Ясмина настороженно смотрела на него, но промолчала, когда он сделал шаг к ней.

— Только не говори, что влюбился в меня, — горько усмехнулась она.

— Не знаю, но… любовь… это, по-моему, другое. Дэвойр любил Едвигу, это было ясно, как день. Он смотрел на нее с обожанием, с нежностью, слушал, как завороженный вздор, что она несла, умилялся всему, что она делала. Я видел, что даже простое касание ее пальцев приводило его в трепет. Я раз наблюдал, как Едвига оттирала ему платком замаранную, не помню уже чем, щеку. Так вот, он забыл как дышать, мне казалось, он в обморок упадет от счастья.

— Это еще одна из граней мести — рассказывать о любви Едвиги и Дэвойра? — с болью в голосе спросила Ясмина. — Я знаю, что лишила его возможности стать счастливым… знаю… видела, как он страдает. И мне было больно на это смотреть.

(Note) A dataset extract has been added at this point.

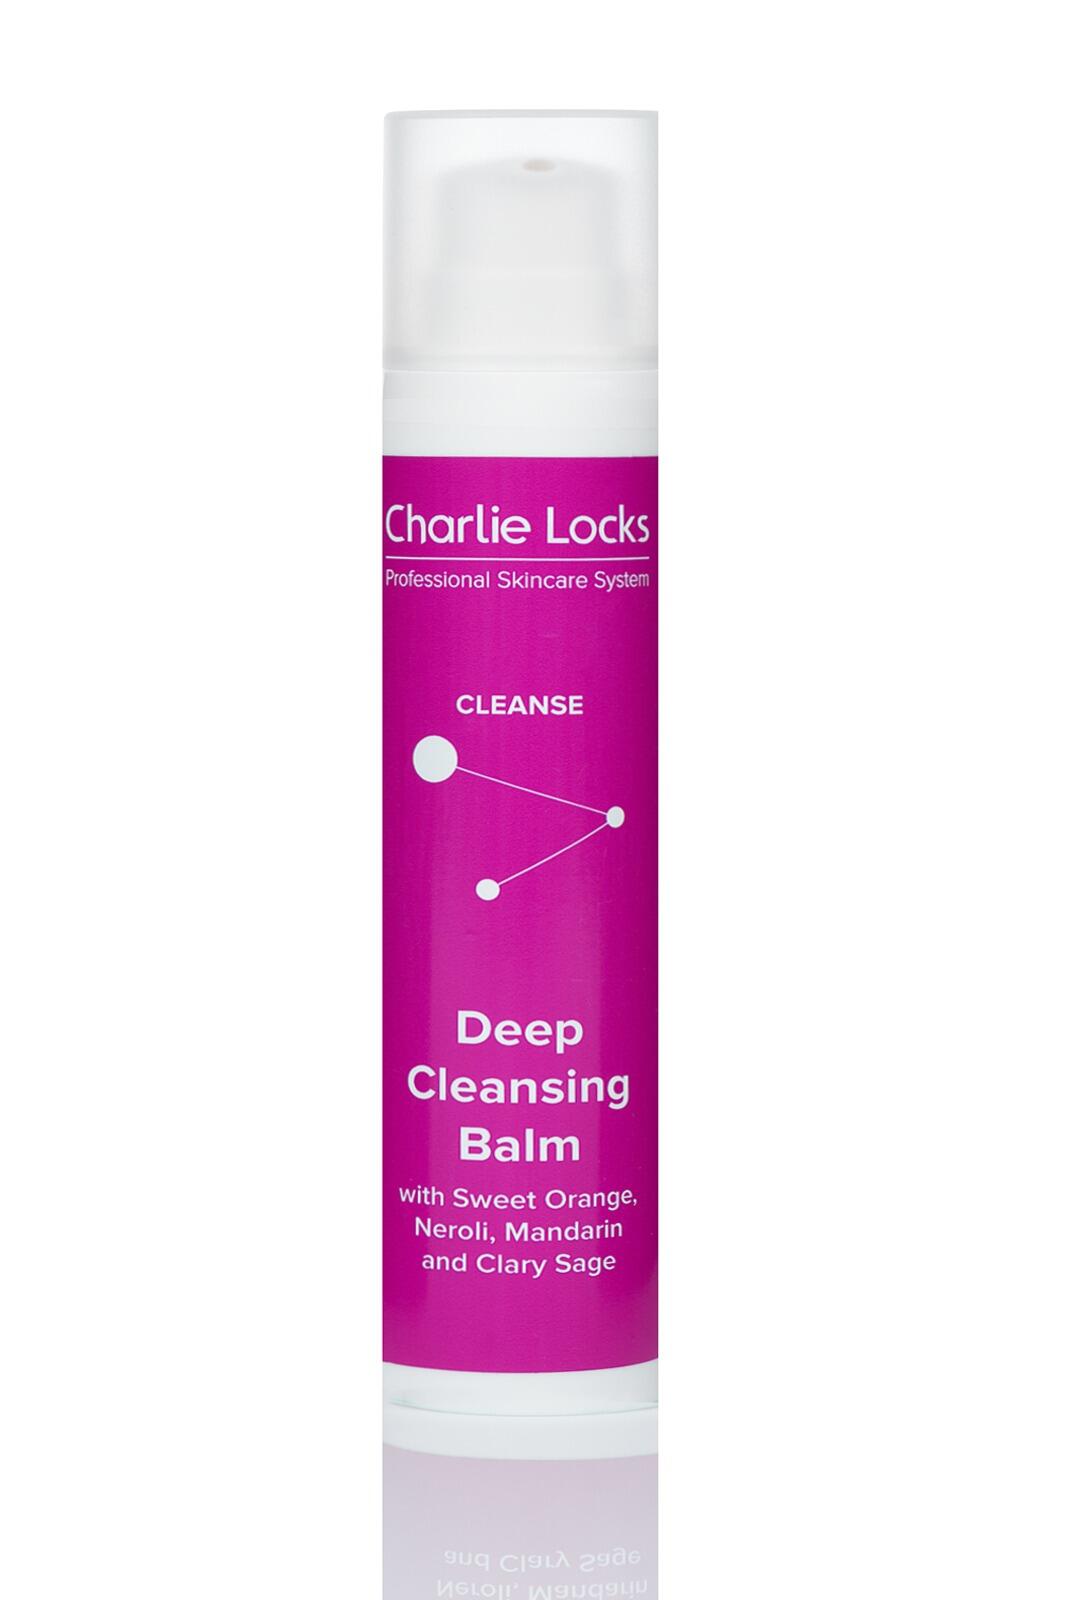 Deep Cleansing Balm 100 ml removes make up and pollution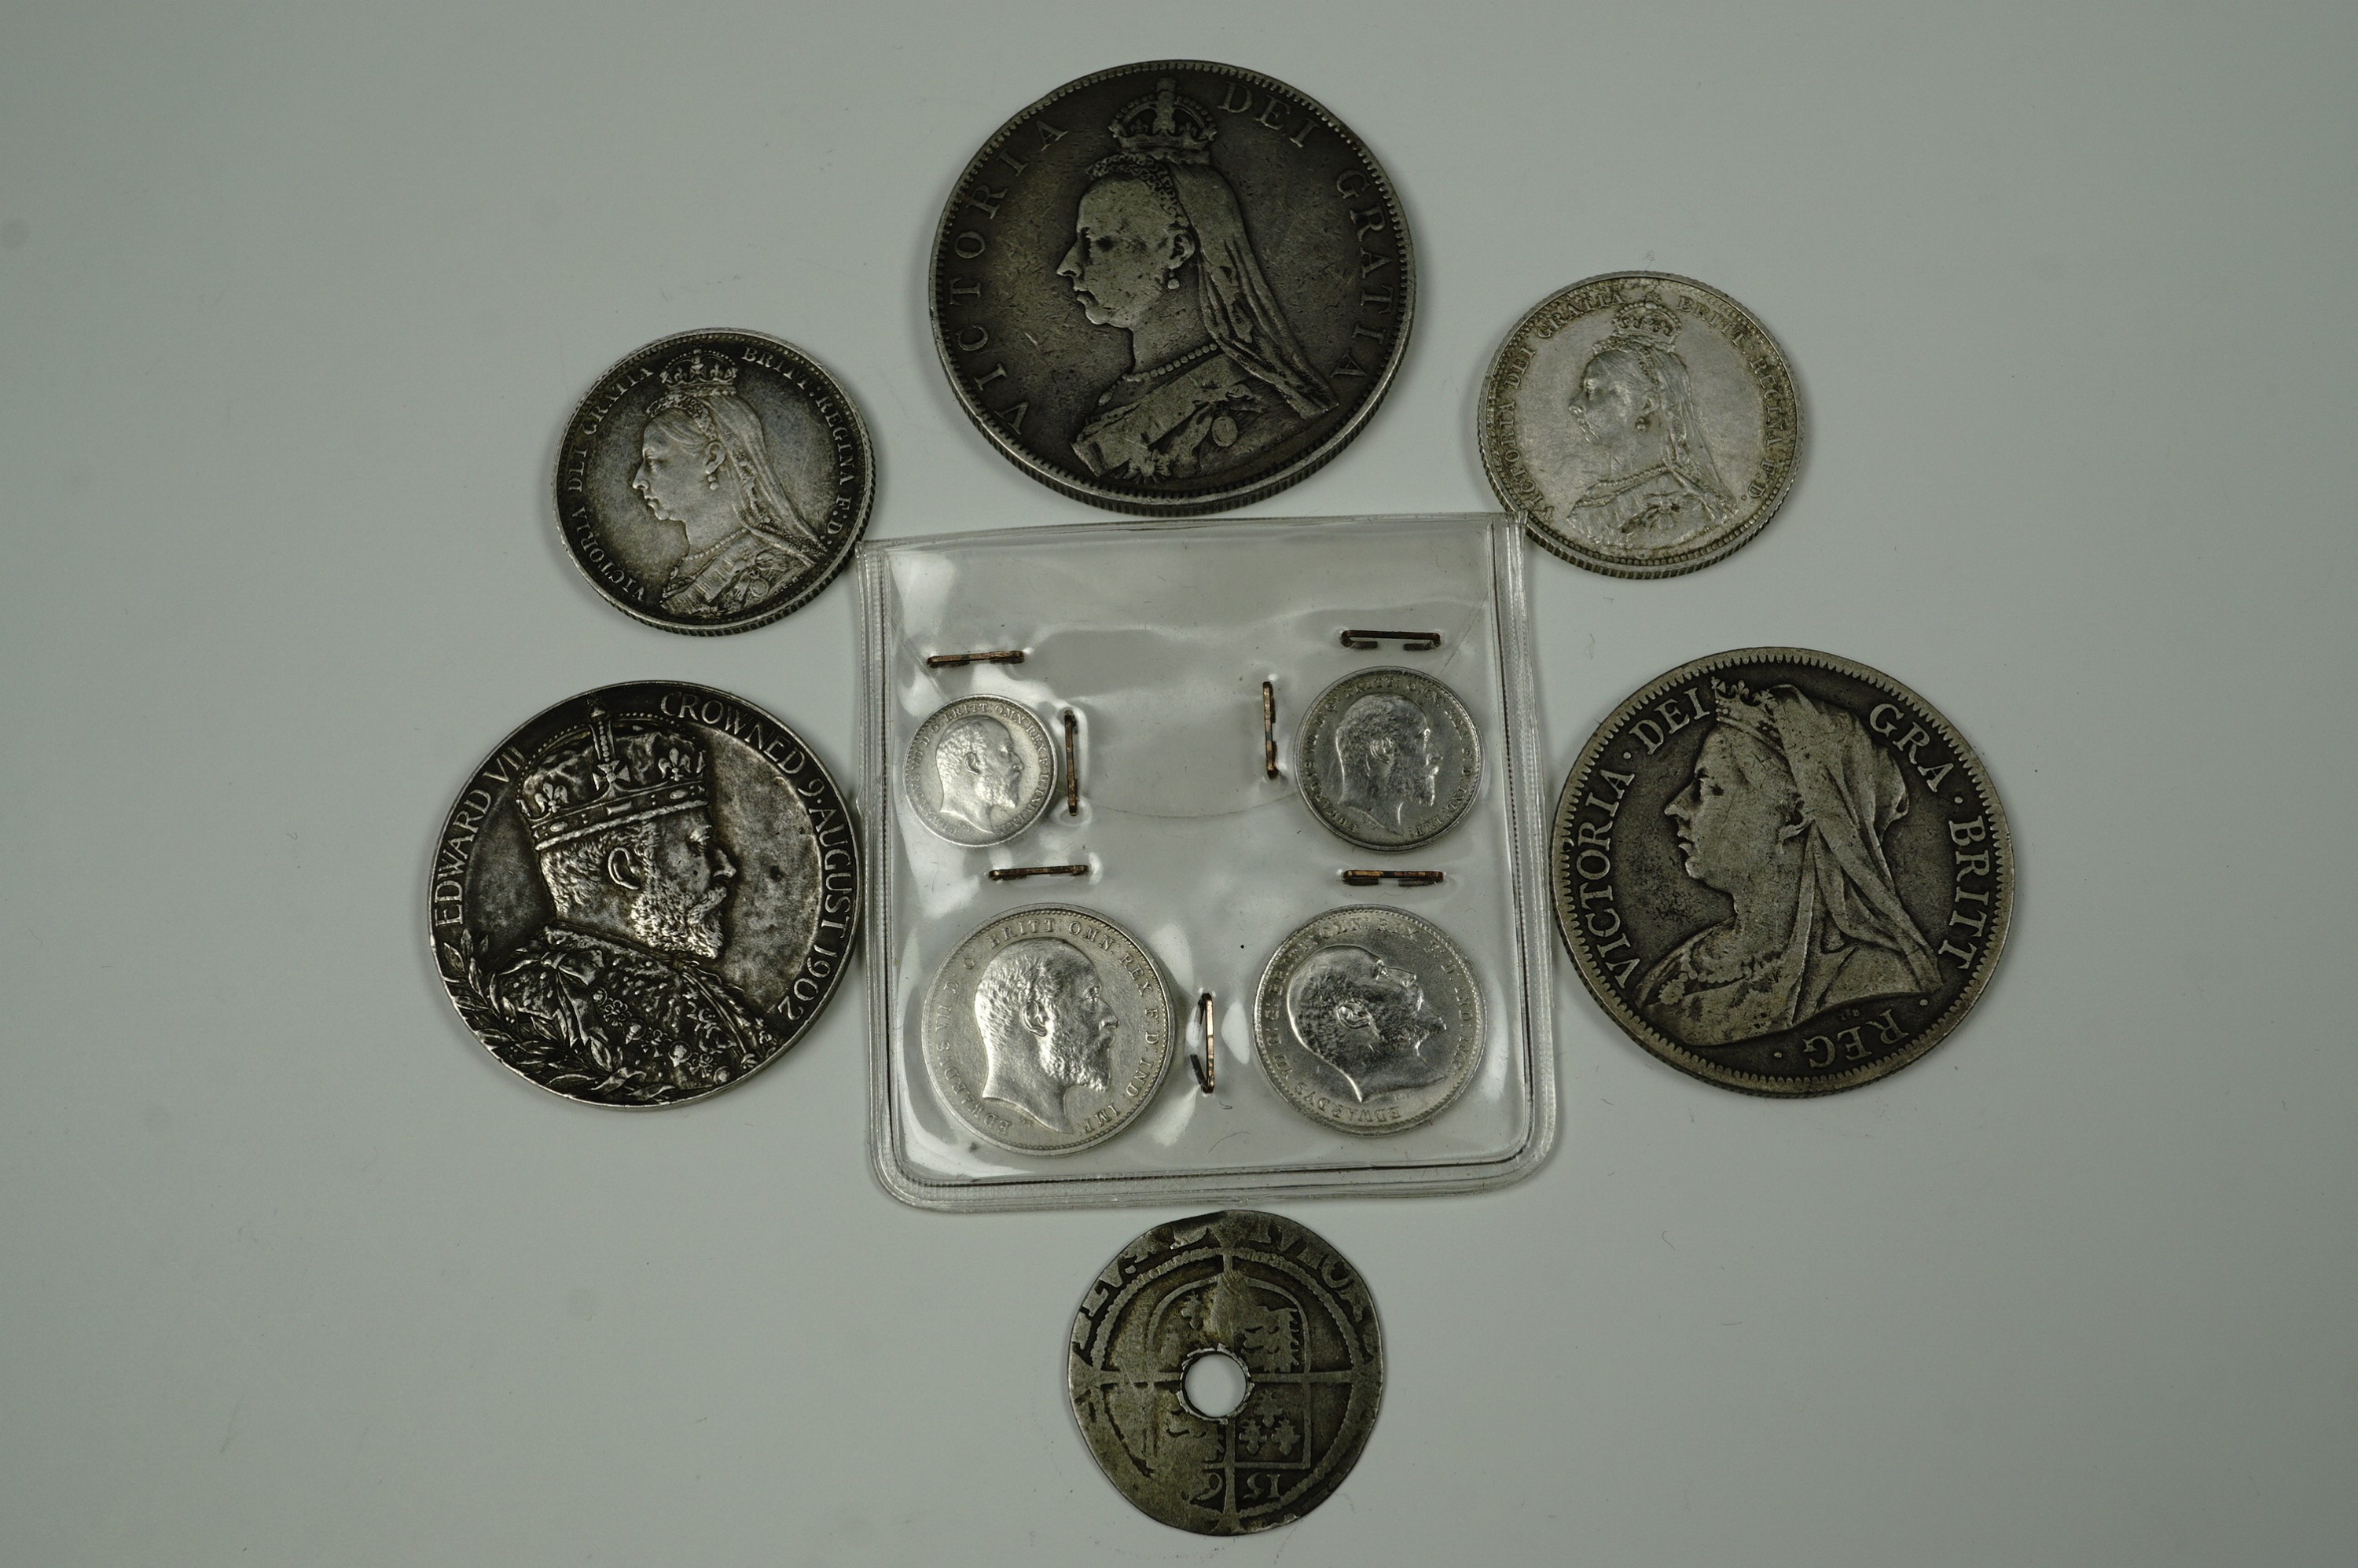 A 1902 Maundy set together with a 1902 coronation commemorative, sundry Victorian silver coins and

— Я пытаюсь объяснить… что в моем представлении означает… любить… это что-то воздушное, чистое, нежное.

Он осторожно сделал еще один шаг к ней, и теперь они стояли слишком близко. Но Ясмина, опершись ладонями на подоконник позади себя, не отталкивала его, и даже позволила невесомо обнять ее. Она заворожено смотрела в его глаза, в которых горели серебряные искры, но дыхание Фолкета было не ледяным. От жара его тела, его горячего дыхания у нее пересохло во рту и заполошно застучало сердце. Да почему же она так откликается на его близость?!

— А то, что я испытываю к тебе, — шептал он, склонившись к ней и почти касаясь своими губами ее рта, — темное, тягучее, сладко-горькое. Я должен тебя ненавидеть, я боролся с собой, но меня невыносимо тянет к тебе. Ты мое наваждение, моя тяжелая и неизлечимая болезнь.

Его объятия стали крепче, дыхание тяжелее и прерывистее, а в шепоте слышались ноты обреченности и боли.

— Нет! — твердо сказала Ясмина в губы, почти целующие ее.

— Что?! — растерянно моргнул Фолкет, поднимая к ее глазам затуманенный взгляд.

— Убери руки и отойди от меня, — потребовала она.